Lost? Not sure how to get home? Trying to find your way through the mall or an airport? Help is on the way, thanks to a stack of cells, or neurons, in your head. They're mostly on the left side of the brain in males, on the right in females.
Scientists have long known that a small, seahorse-shaped region in the brain, the hippocampus, contains neurons called "place cells" that specialize in geography.
In recent years, working mostly with laboratory rats, they have discovered additional types of neurons in or near the hippocampus known as "grid cells," "head-direction cells" and "border cells."
Taken together, "these cells form a map of the environment," said Edvard Moser, a leading expert on brain mapping at the Norwegian University of Science and Technology in Trondheim, Norway.
The brain maps tell animals, including humans, where they are, how they got there and how to navigate to their next destinations, neuroscientists say.
"The ability to find one's way through a large-scale space such as an airport, college campus or city neighborhood is essential for successful functioning in the modern world," said Russell Epstein, a neuroscientist at the University of Pennsylvania in Philadelphia. "When we are lost and need to re-establish our general location, scene recognition mechanisms ... are likely to be crucial, potentially enabling the correct 'map' to be selected in the hippocampus."
Matthew Wilson, a neurobiologist at the Massachusetts Institute of Technology in Cambridge, compared the hippocampus to a computer hard drive. Instead of electronic bits and bytes, it contains millions of neurons that store memories of places, people, things and events.
Neuroscientists say that brain mapping cells "fire" -- that is, release tiny electric charges -- when they sense they're in specific locations or headed in certain directions.
Border cells, for example, light up when they're close to walls or other boundaries. Moser called them "the brain's border patrol."

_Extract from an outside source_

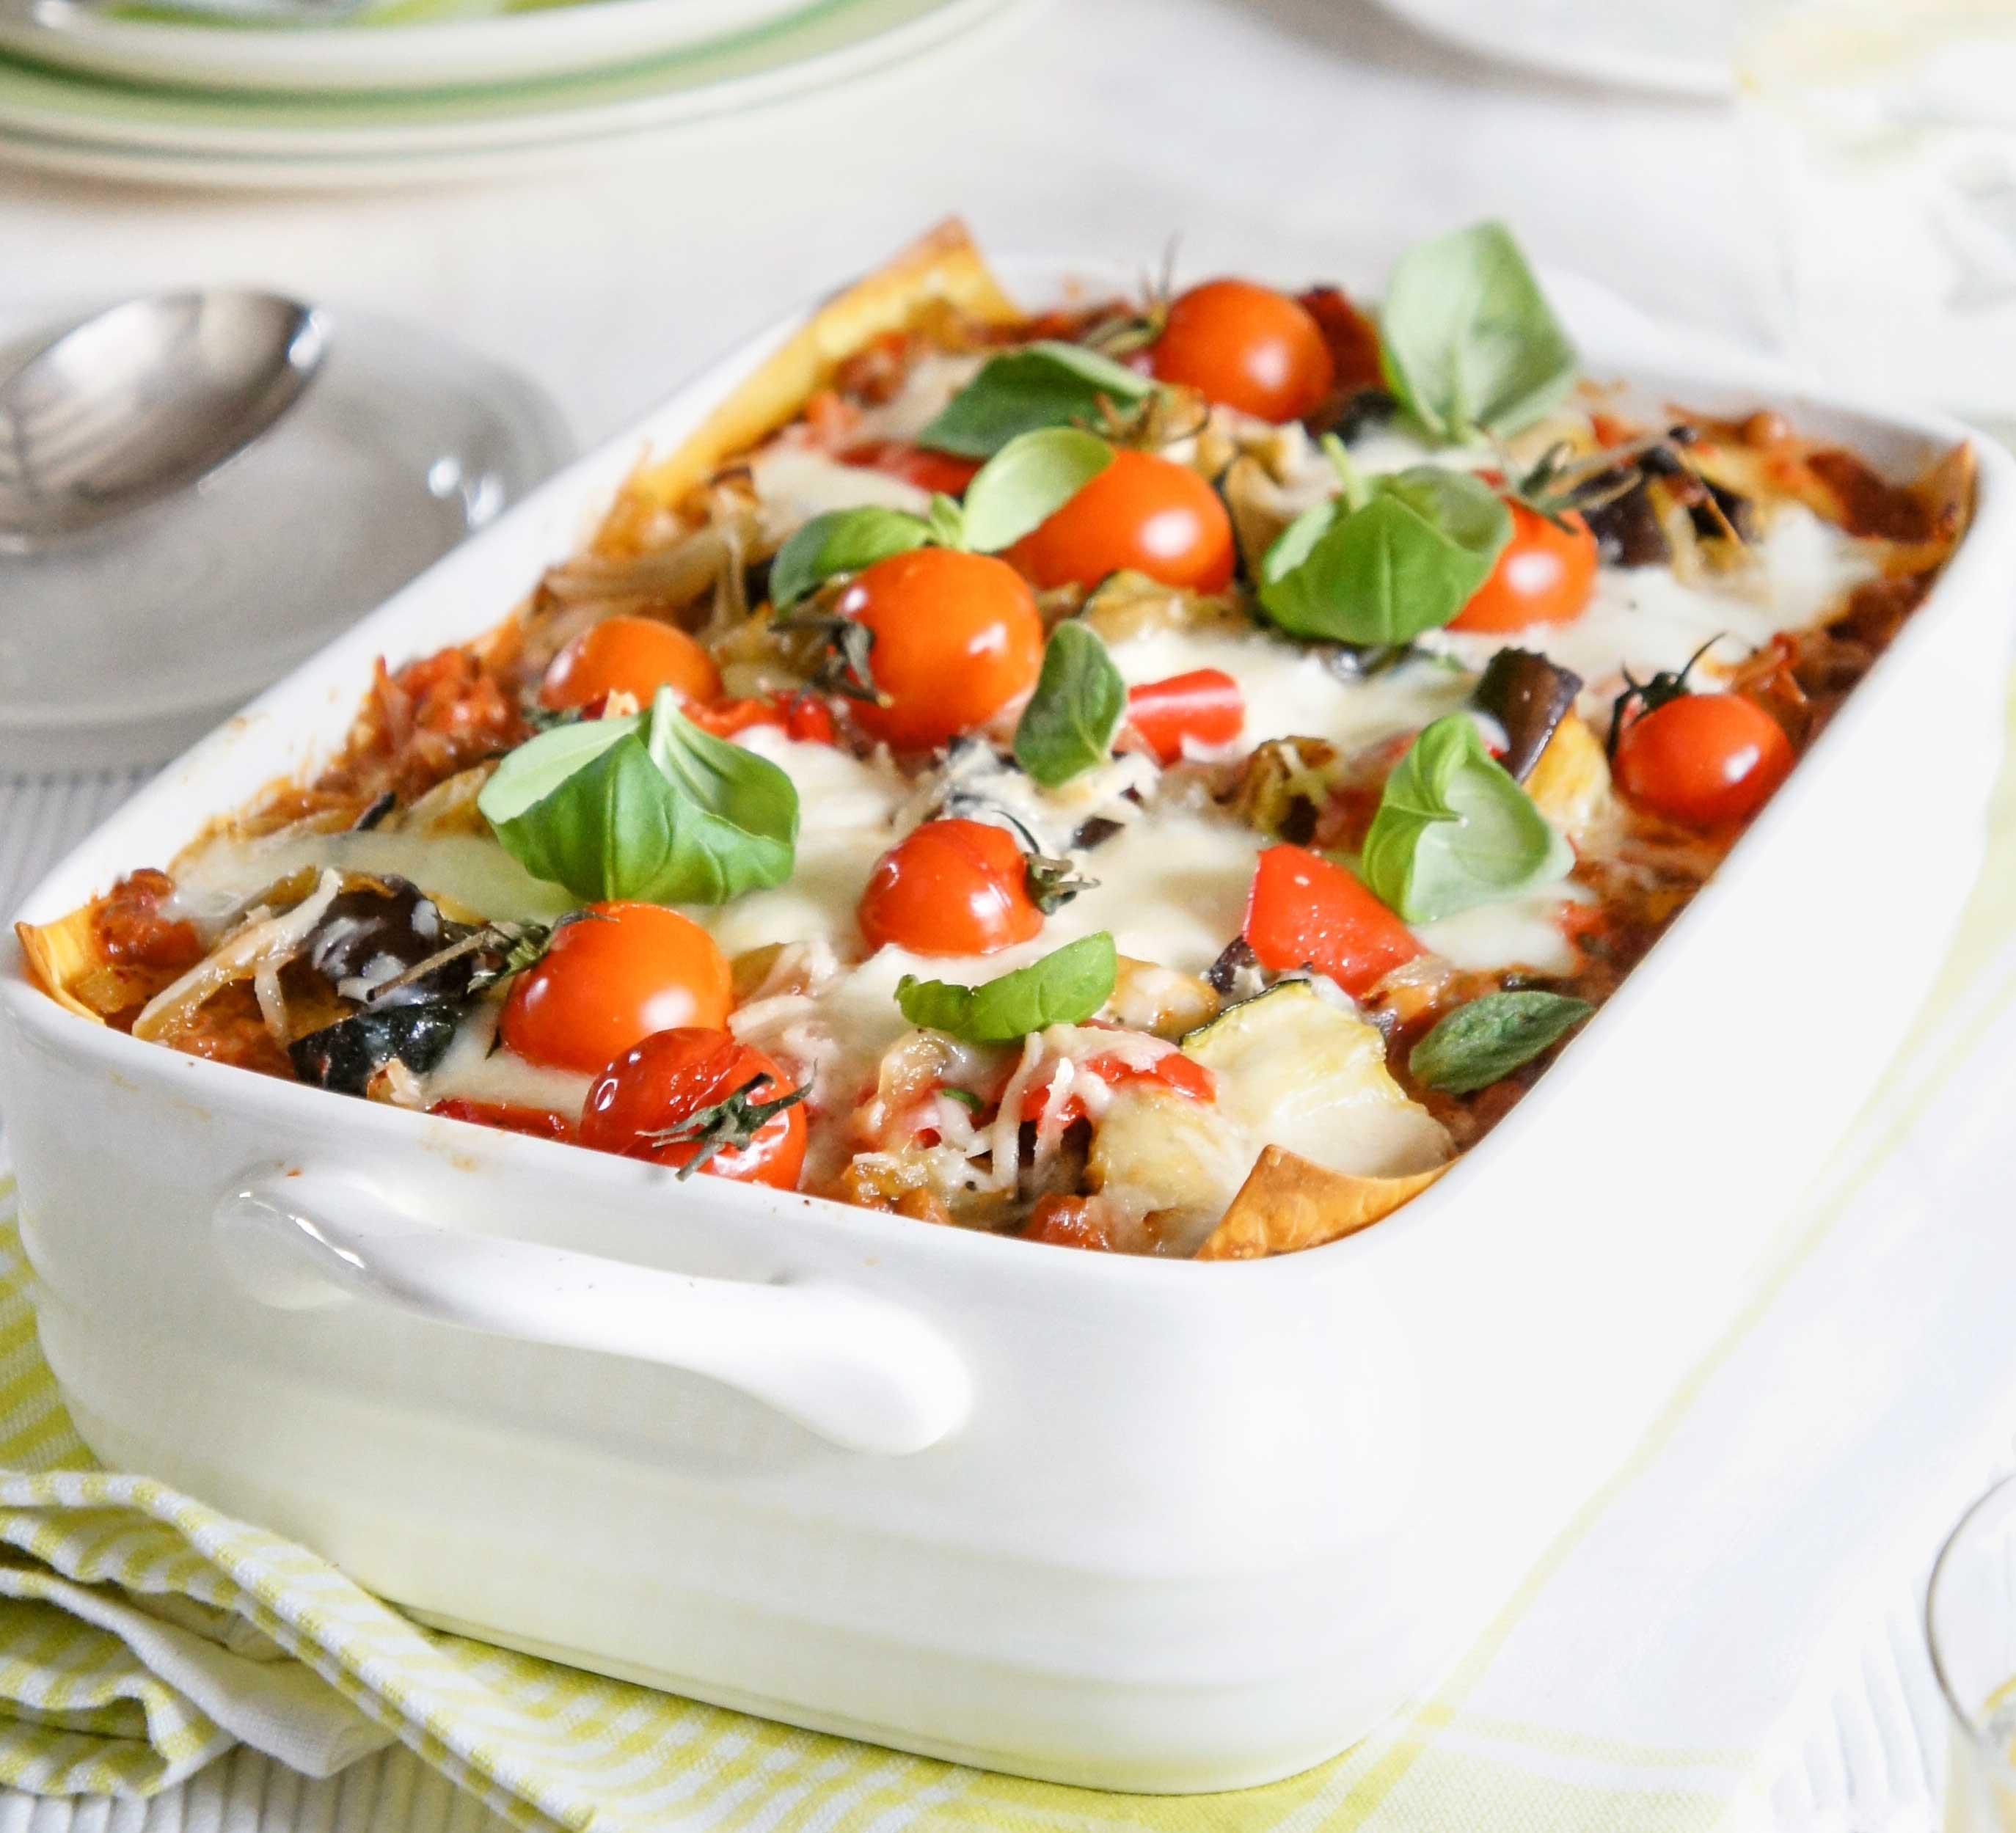 Healthy Vegetable Lasagna  Lighter ve able lasagne recipe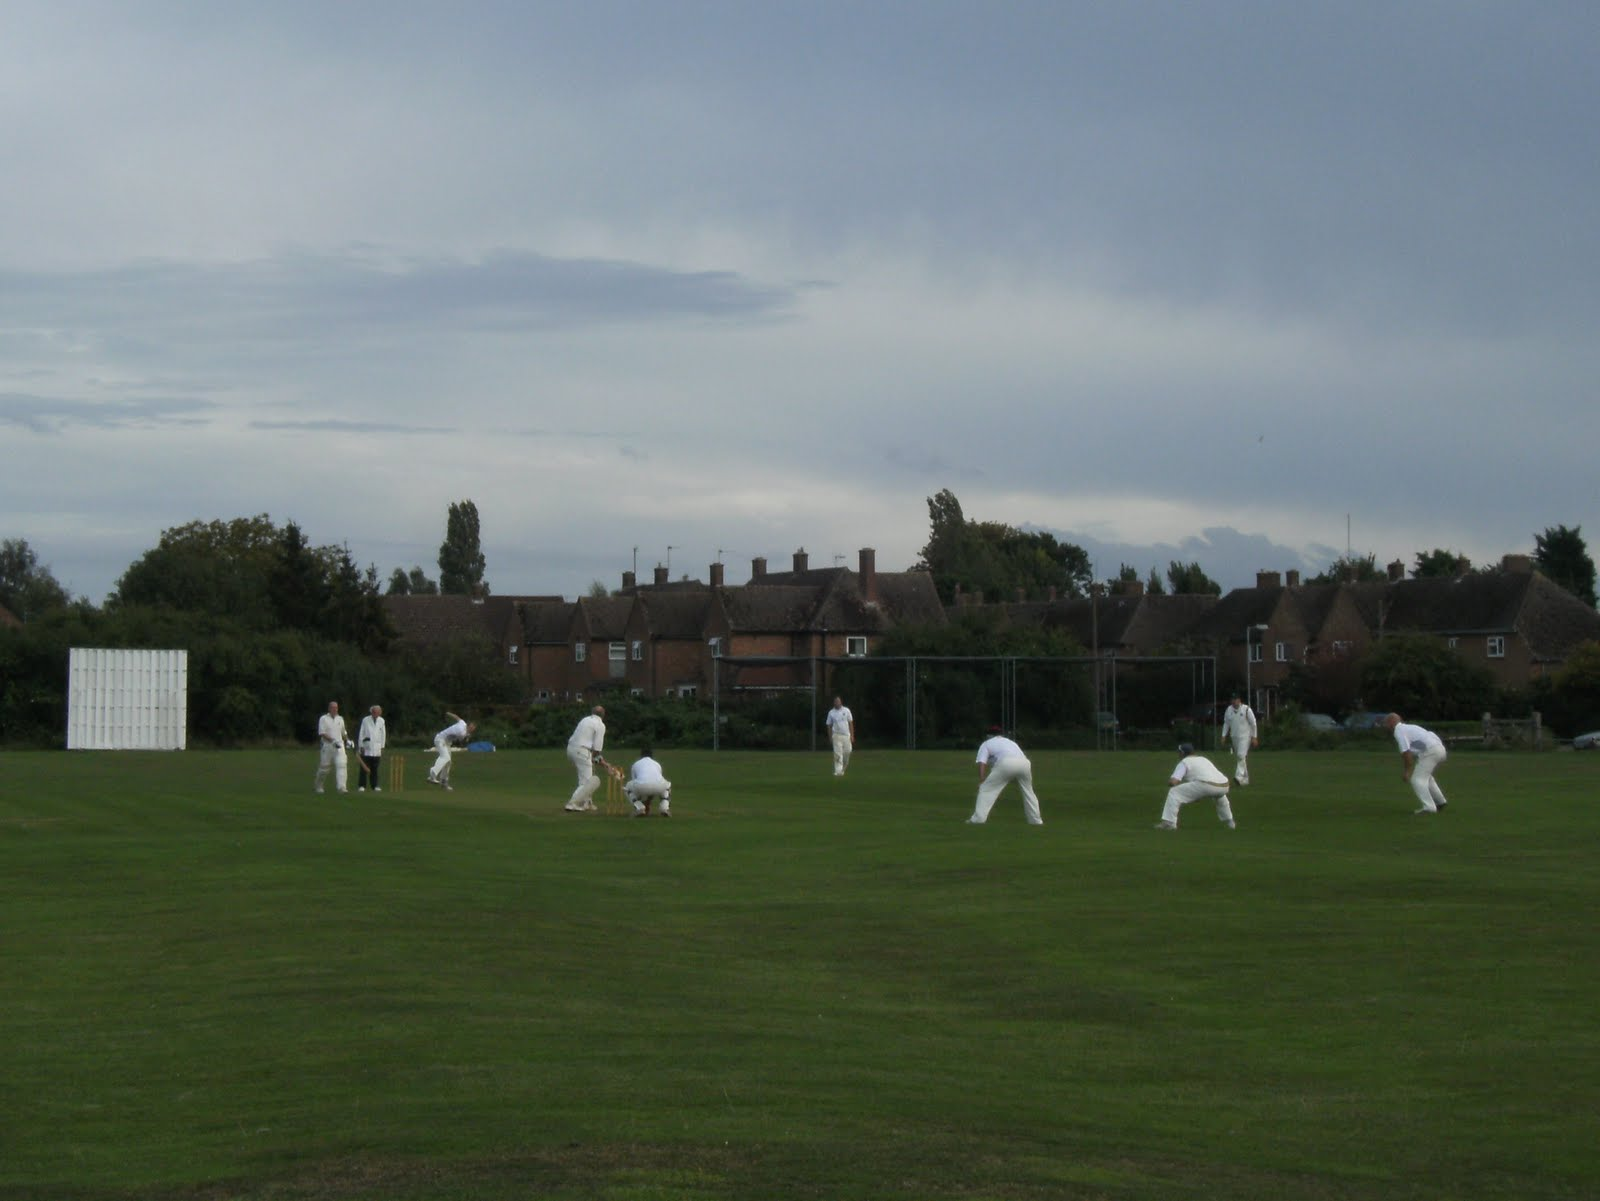 DSCF9486 An undulating cricket pitch at Godmanchester

In a report last December in the journal Science, Trygve Solstad, a researcher in Moser's lab, outlined how the various cell groups work: "Place cells fire when we pass through fixed locations, letting us know where we are; head-direction cells fire when we face particular directions, acting as a compass, and grid cells fire when we're at specific points on a hexagonal grid that the brain superimposes on our surroundings."
Moser likened the stack of mapping neurons to a deck of cards.
"The maps are stored as extremely thin cards in a deck in the hippocampus, the area that is regarded as the brain's memory focal point," he said. "The deck is sorted by rank, so that the fine-grained detail maps are located at the top, with the biggest, most coarsely drawn maps further down in the deck."
It's much easier for researchers to experiment with laboratory mice and rats than with people. They make the little animals run along tracks, navigate mazes or swim pools to find rewards. As they run or swim, brain cells fire as they pass over each place in their internal maps. The order of the firings shows the creatures' paths.
The firing pattern "reflects both the animals' present spatial position in the environment and the specific trajectory taken to reach that position," Douglas Nitz, a cognitive scientist at the University of California at San Diego, wrote in the Oct. 15 issue of Nature.
"Cells care about the sequence, the path of motion," MIT's Wilson said.
"There is also evidence for such maps in humans, although much less," Moser said. In all mammals, "the wiring diagram is so similar that there are all kinds of reasons to believe that the same neural firing patterns are generated."
Researchers on humans used to have to rely on sticking sensors in the brains of epileptic patients or studying the effects of brain injuries in the hippocampal area.
Now they're increasingly using "virtual reality" environments, like those found in computer games.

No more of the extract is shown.